To him and his school, the centaurs, for instance, those mythical
sons of the storm, strange links between the lives of men and
animals, were merely some youths from the village of Nephele in
Thessaly, distinguished for their sporting tastes; the 'living
harvest of panoplied knights,' which sprang so mystically from the
dragon's teeth, a body of mercenary troops supported by the profits
on a successful speculation in ivory; and Actaeon, an ordinary
master of hounds, who, living before the days of subscription, was
eaten out of house and home by the expenses of his kennel.

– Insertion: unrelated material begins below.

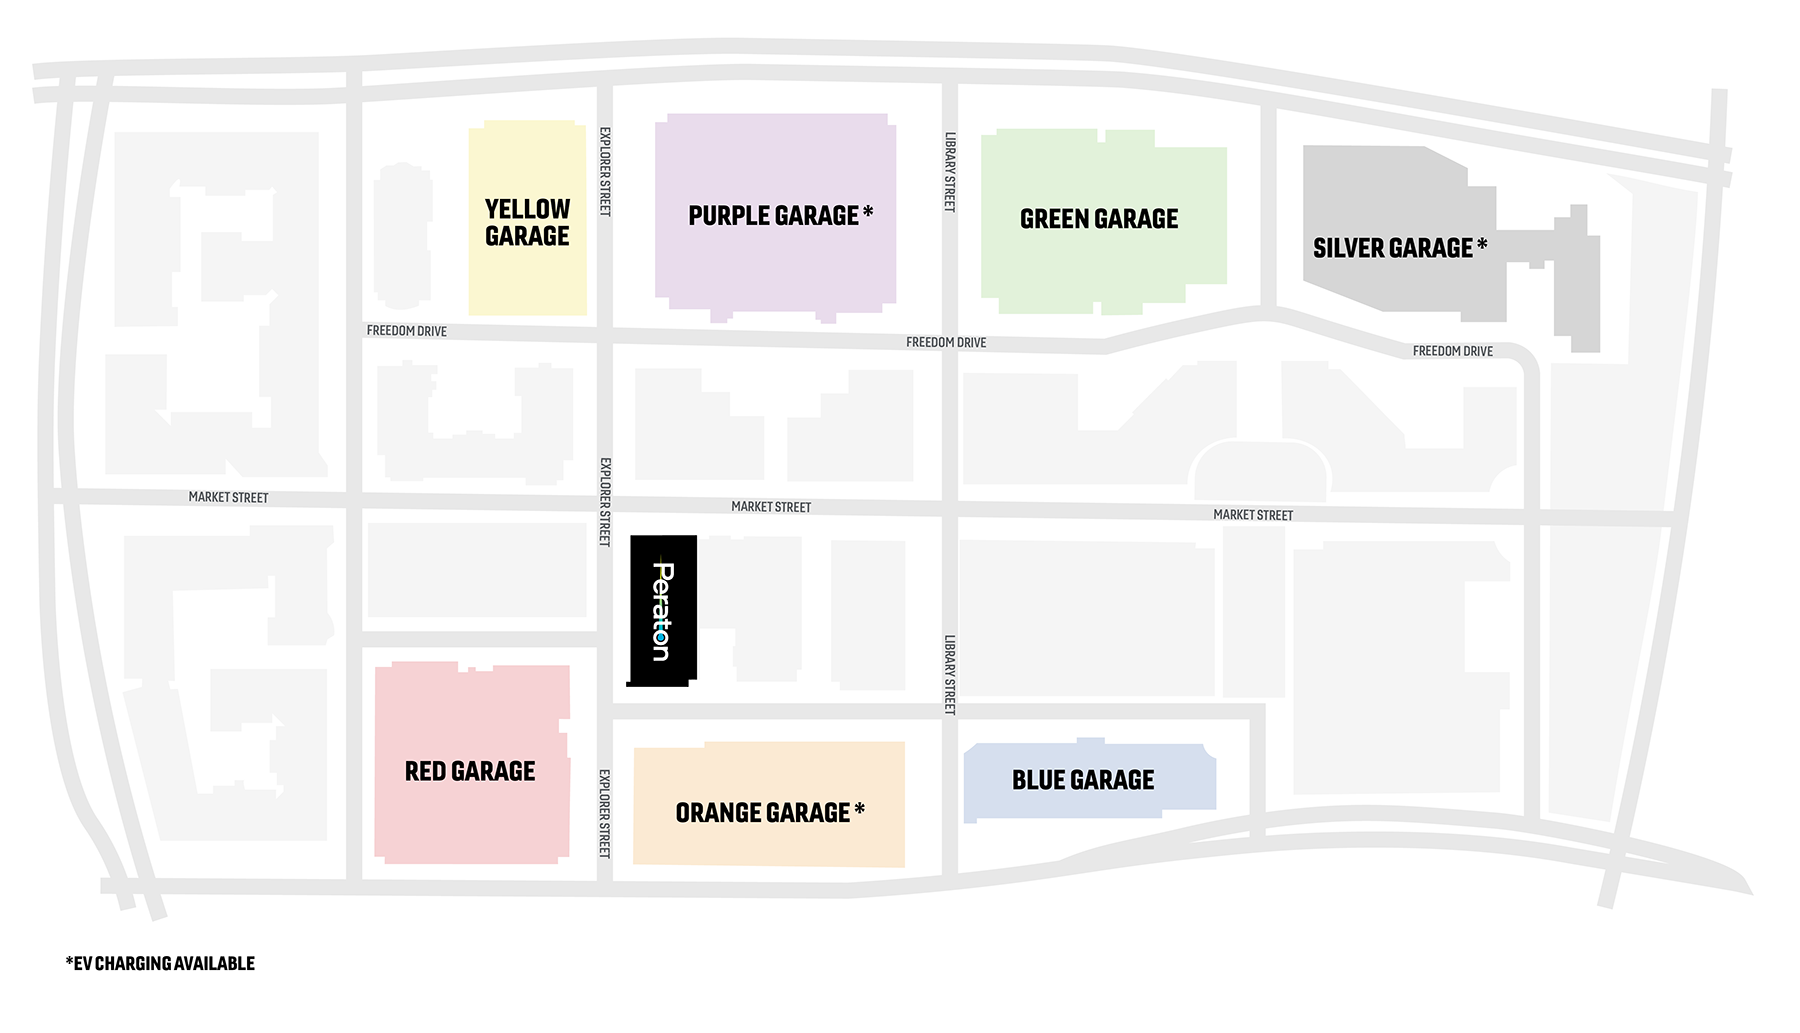 View RTC Parking Map
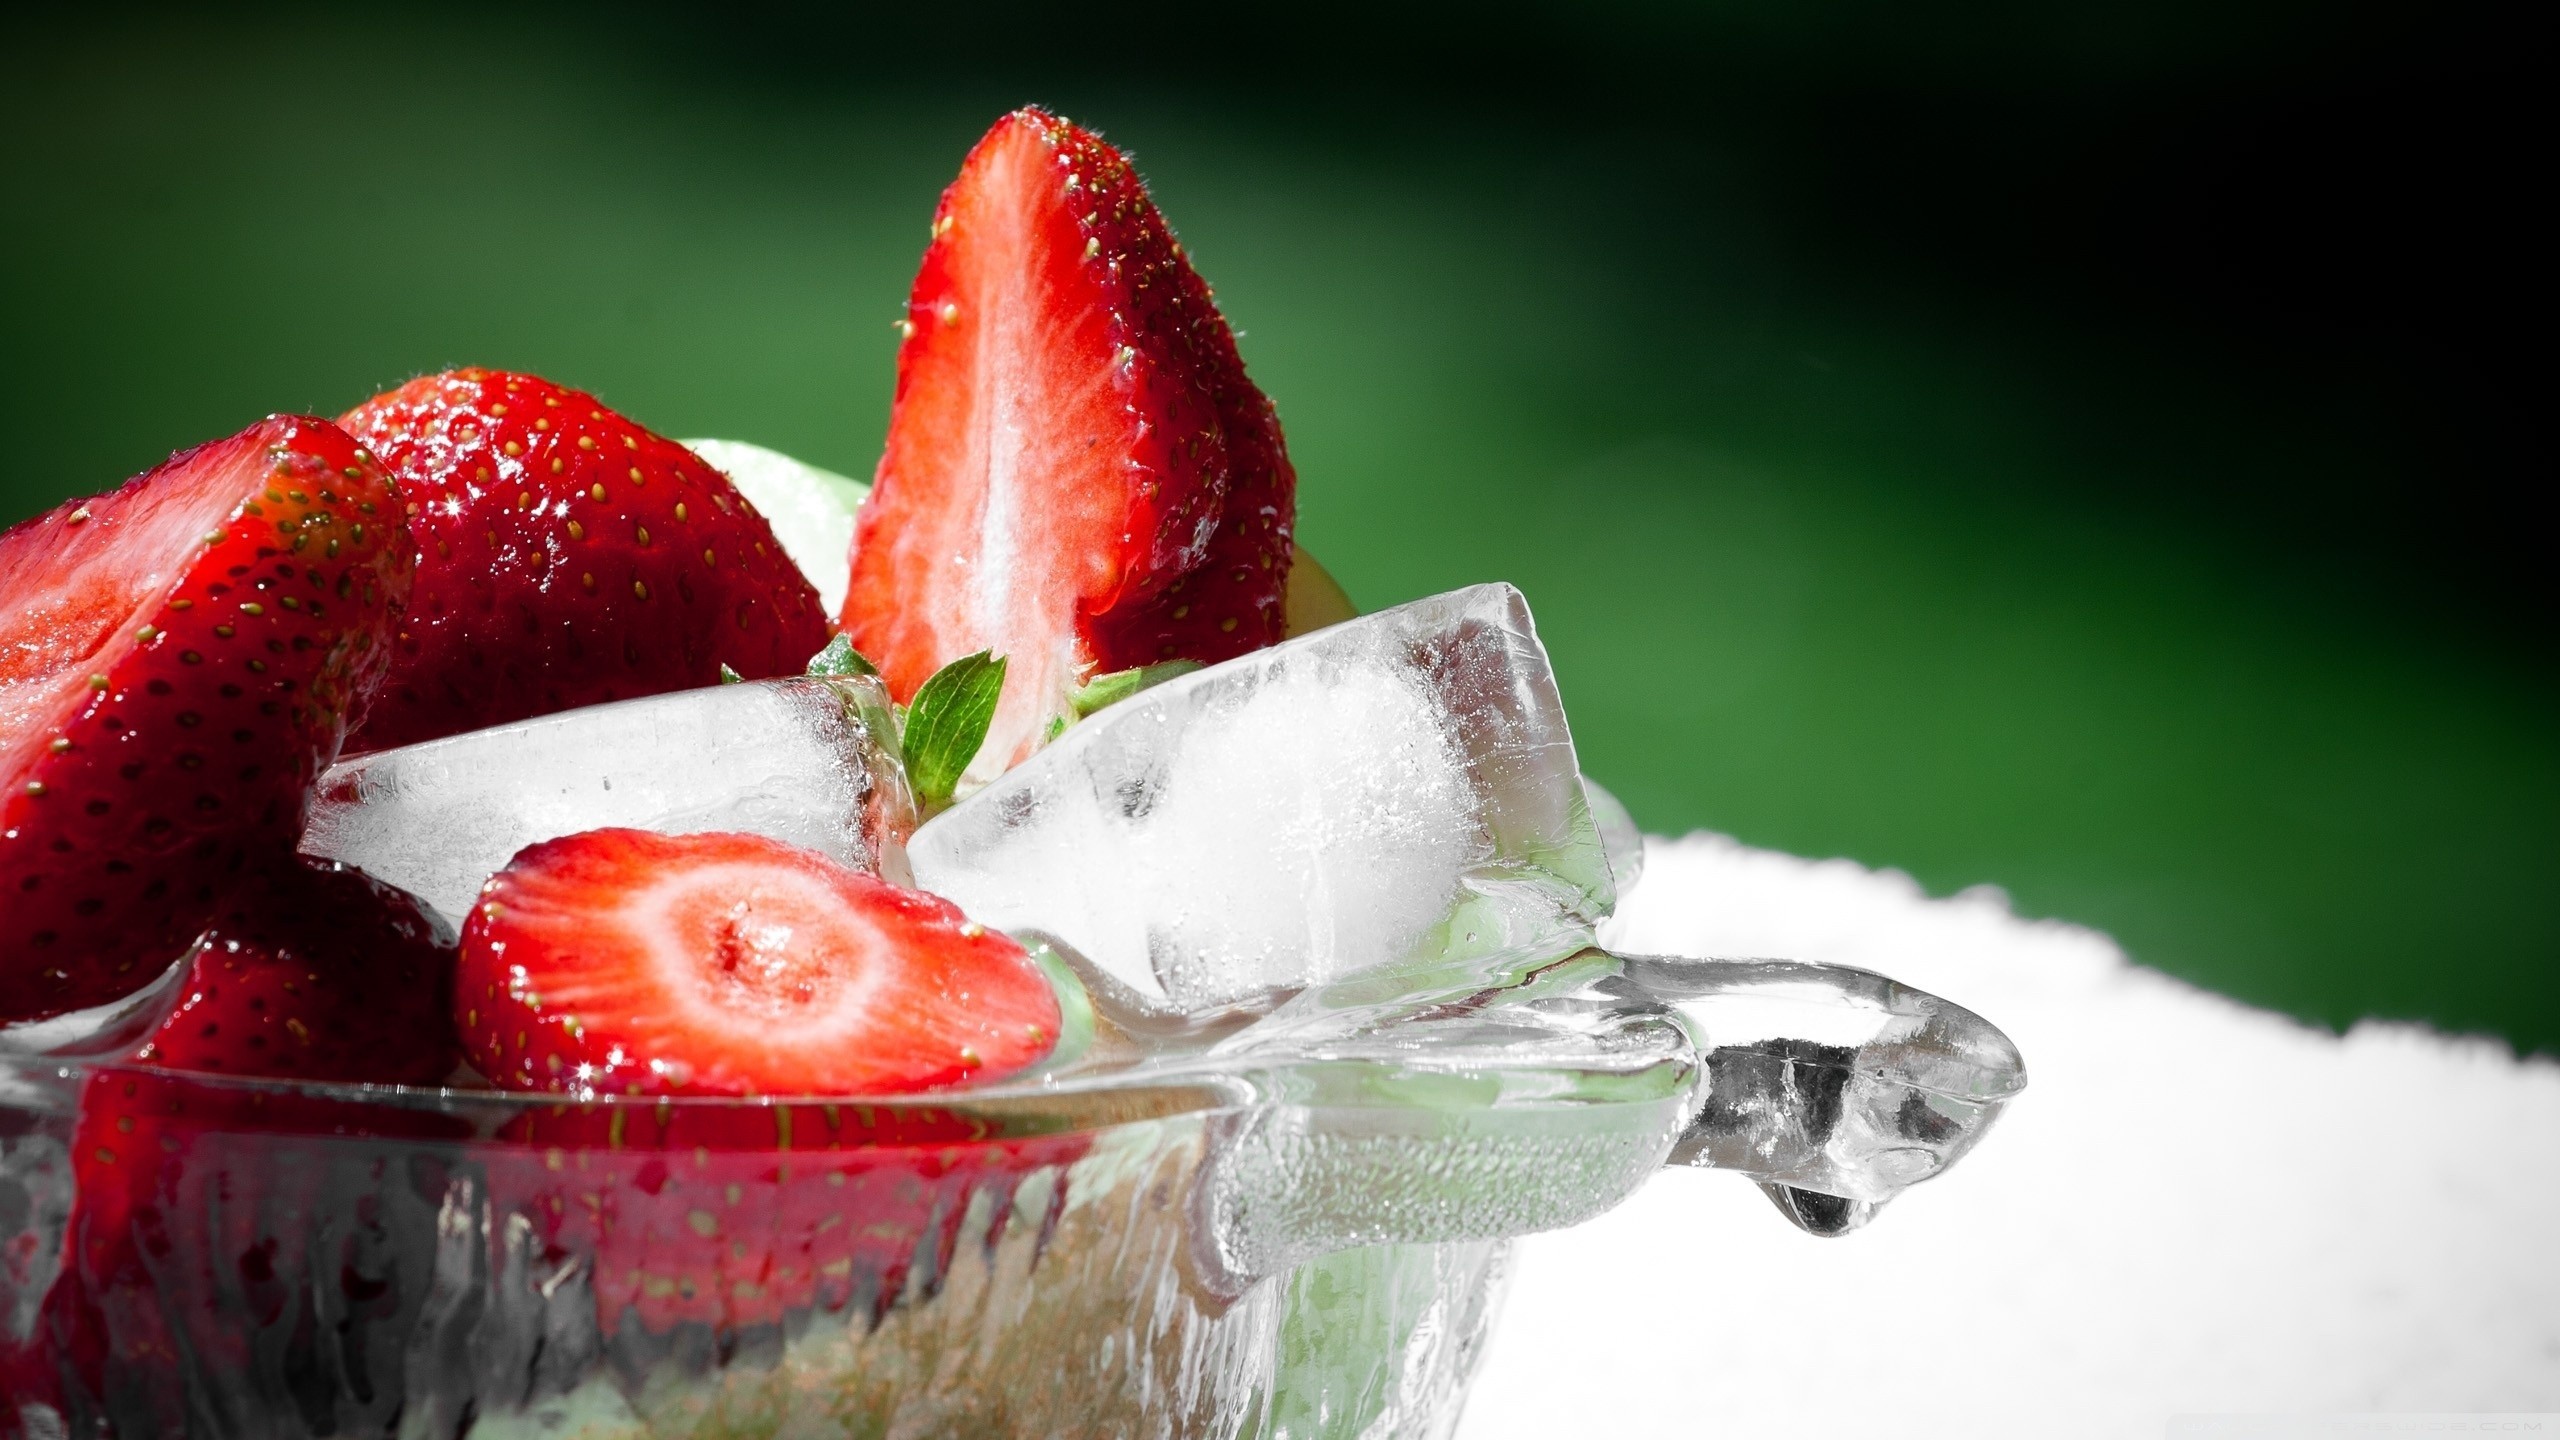 ice, Fruits, Strawberries, Ice, Cubes Wallpaper

Now, that under the glamour of myth and legend some substratum of
historical fact may lie, is a proposition rendered extremely
probable by the modern investigations into the workings of the
mythopoeic spirit in post-Christian times. Charlemagne and Roland,
St. Francis and William Tell, are none the less real personages
because their histories are filled with much that is fictitious and
incredible, but in all cases what is essentially necessary is some
external corroboration, such as is afforded by the mention of
Roland and Roncesvalles in the chronicles of England, or (in the
sphere of Greek legend) by the excavations of Hissarlik. But to
rob a mythical narrative of its kernel of supernatural elements,
and to present the dry husk thus obtained as historical fact, is,
as has been well said, to mistake entirely the true method of
investigation and to identify plausibility with truth.